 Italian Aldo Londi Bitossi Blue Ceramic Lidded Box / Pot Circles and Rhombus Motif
...
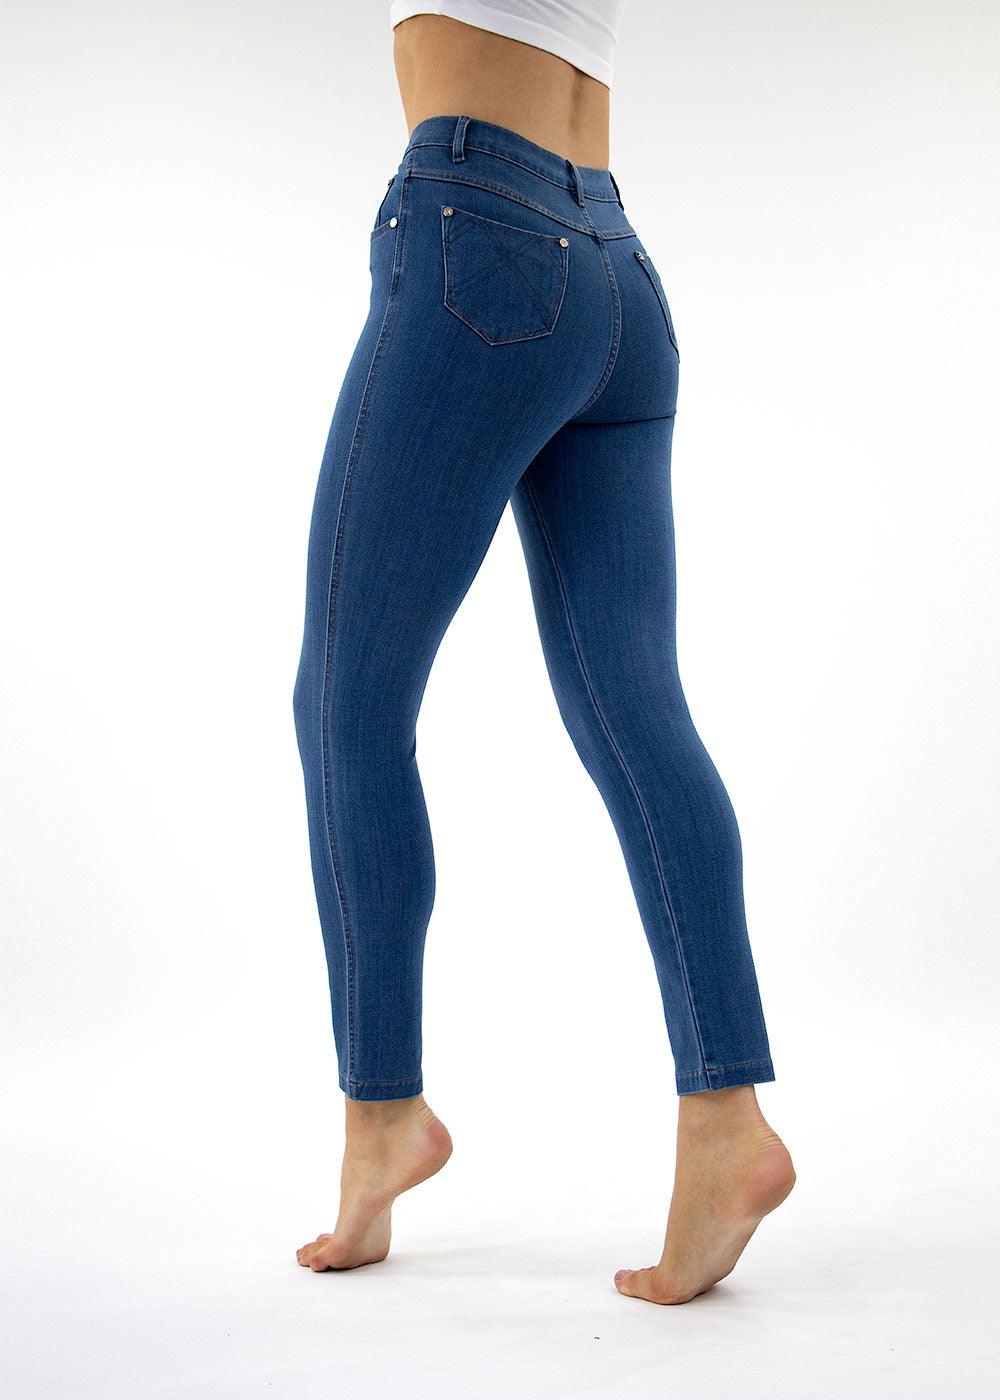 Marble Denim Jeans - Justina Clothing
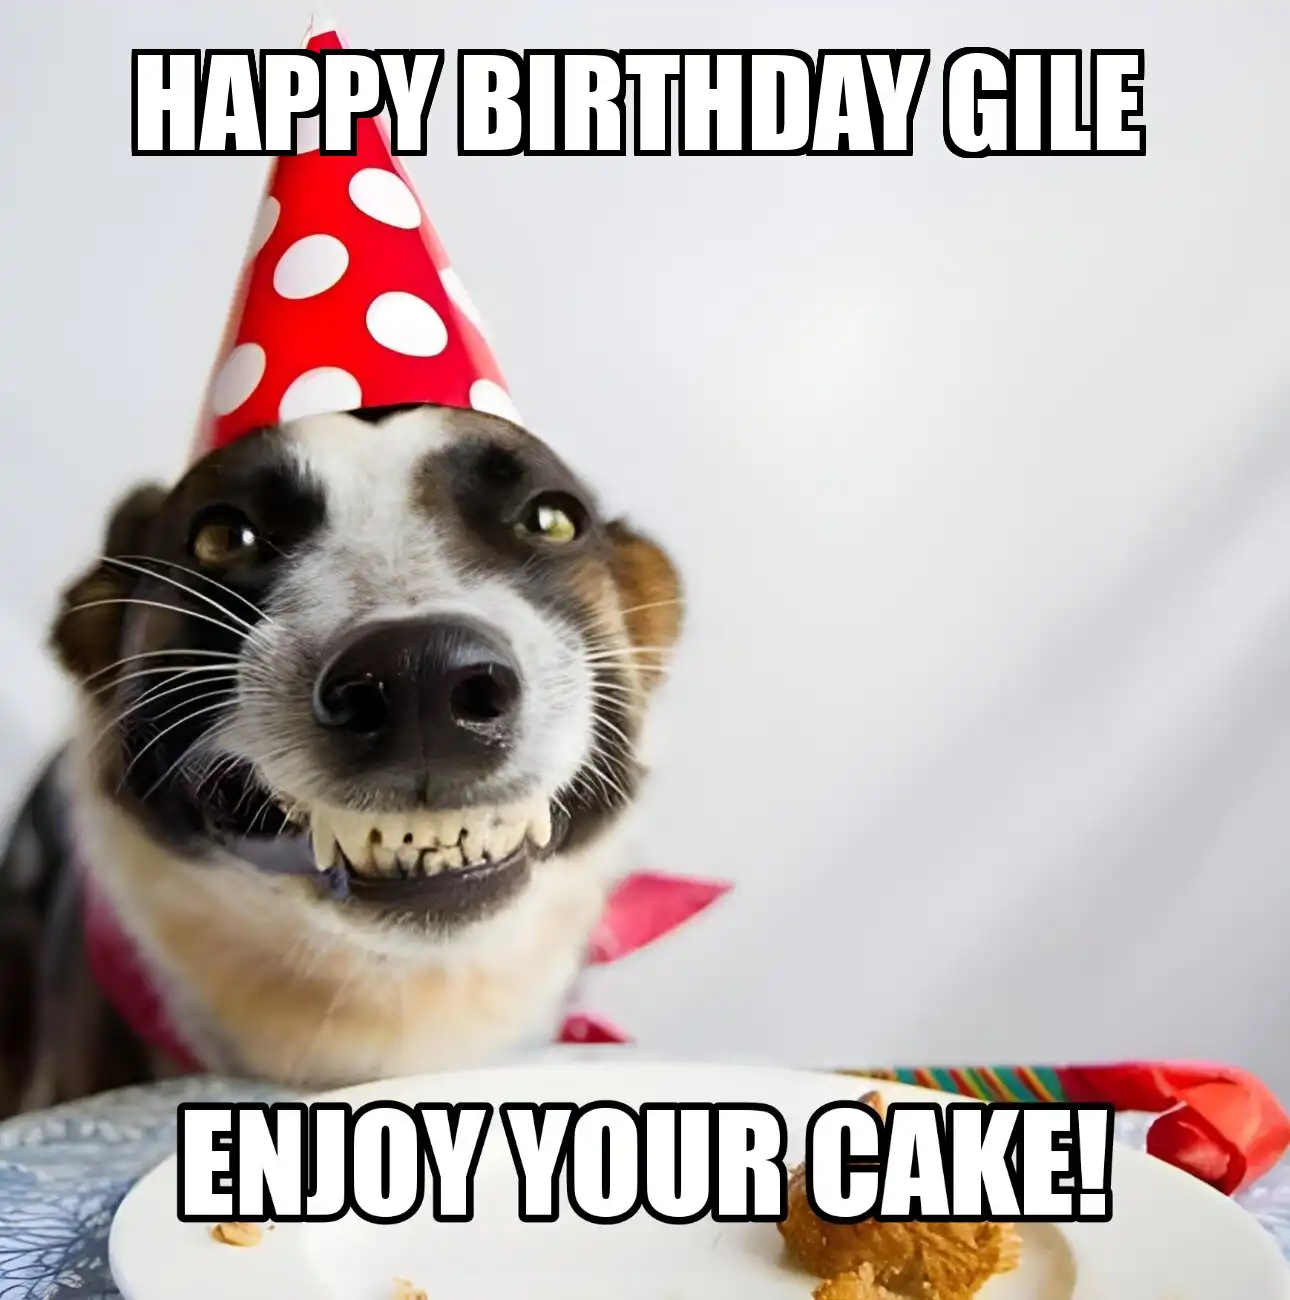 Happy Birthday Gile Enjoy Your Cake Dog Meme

◆ Problem requirements ◆
Where a picture appears in the records above, omit it, and transcribe exactly the stretch of lines from the one with "Marble Denim Jeans - Justina Clothing" through the one with "Happy Birthday Gile Enjoy Your Cake Dog Meme".

◆ Answer ◆
 Marble Denim Jeans - Justina Clothing
 Happy Birthday Gile Enjoy Your Cake Dog Meme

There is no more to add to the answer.